Providing Effective Lessons
Teachers who completed the aquarium’s institutes said that they felt more capable and prepared to do authentic science projects. Before, most of their classroom projects were models, posters, and research sessions; now, they felt comfortable doing science in the field with students. Elementary school teachers who did not have science expertise and felt hesitant due to lack of science emphasis at the elementary level also gained confidence in teaching. The institutes provided volumes of curricula, classroom resources, equipment, and books to support their lessons.
More than 90 percent of teachers indicated that the institute had provided ideas on how to incorporate conservation issues into their teaching. At the end of the year, over half of the teachers reported that their students were more engaged, enthusiastic, and excited learning science in this way. One teacher said of the development program, “This institute showed me that there are so many different ways that the different disciplines of science are interconnected and how we as instructors can help the students draw those connections.”
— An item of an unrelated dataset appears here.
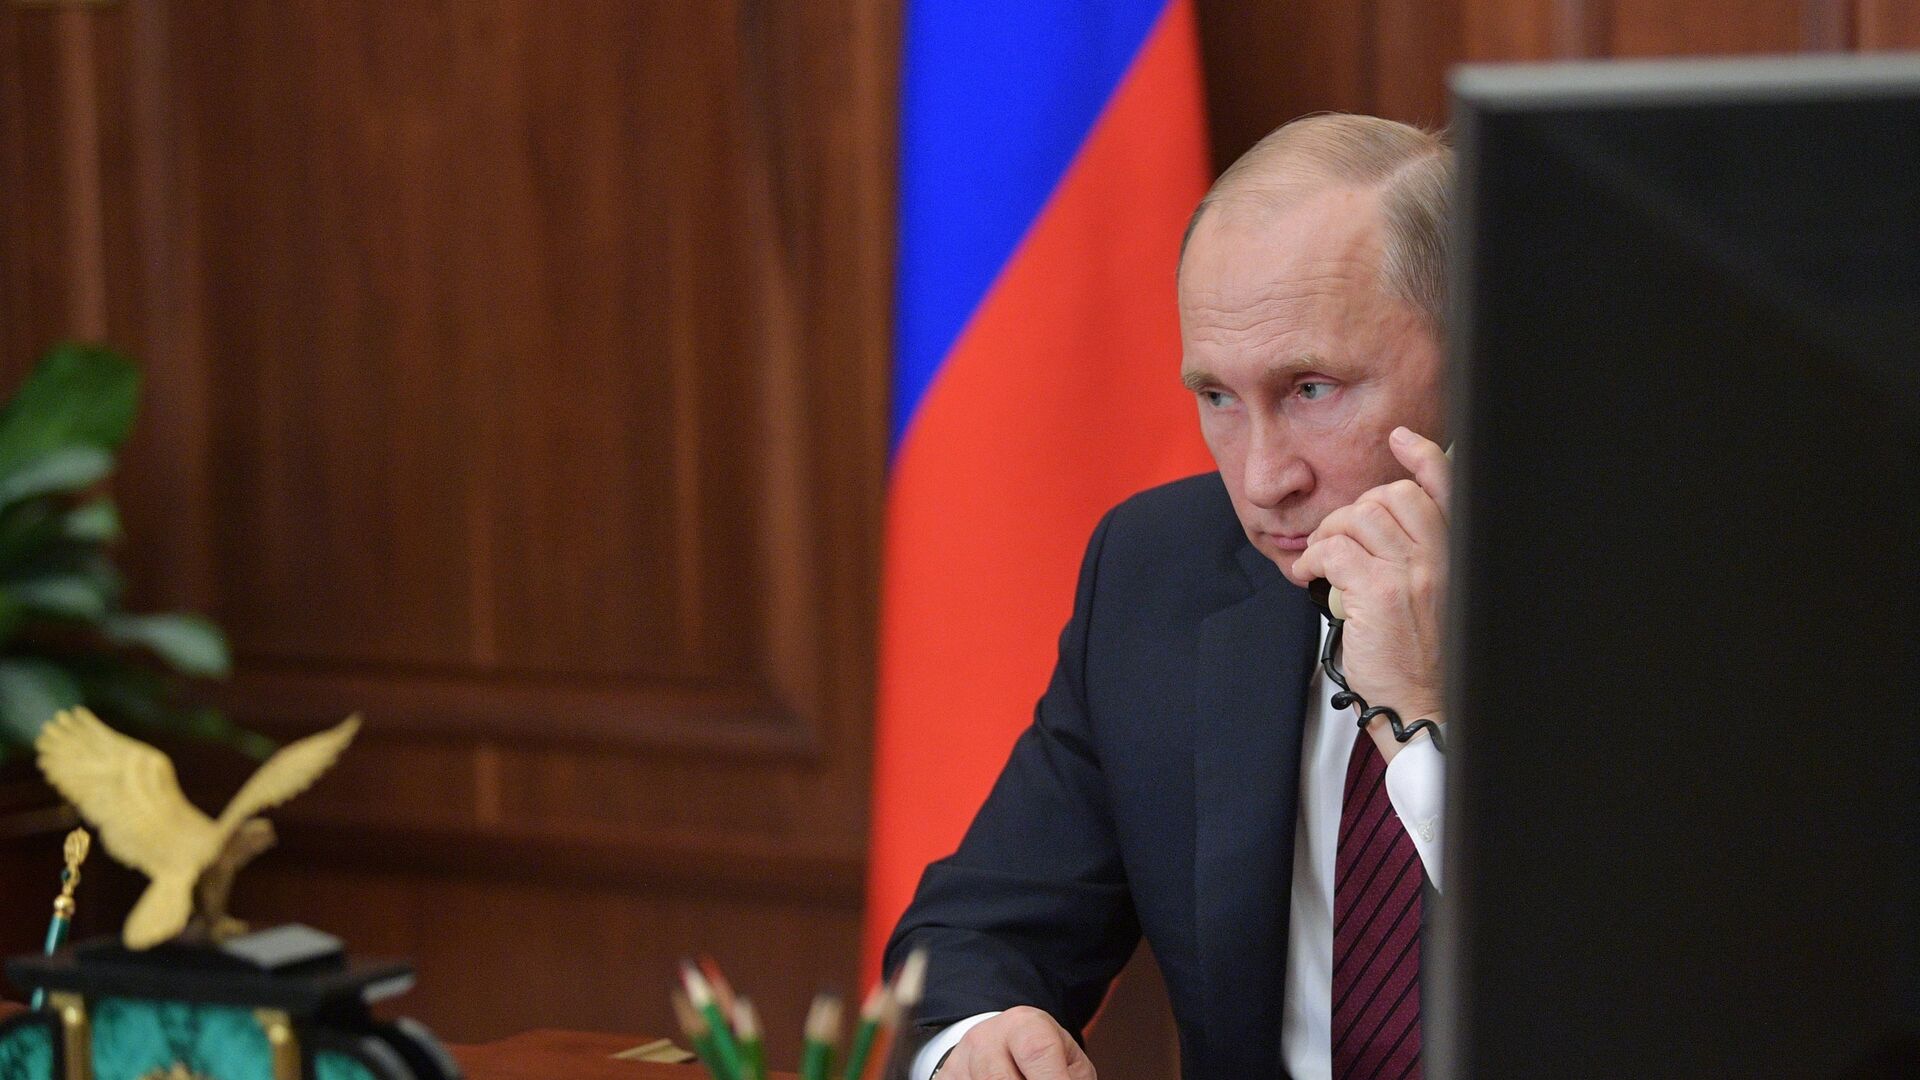 Все, о чем договорились Путин и Макрон, сообщил Кремль, заявила Захарова

Through this project, the Monterey Bay Aquarium provided new tools, skills, and support to 472 teachers through 15 year-long teacher institutes, and these teachers, in turn, engaged approximately 57,150 students. Building on these results, the aquarium will continue expanding its professional development programs to help even more students develop a connection to the local environment and gain the basic science and critical thinking skills necessary to be effective citizens and ocean stewards.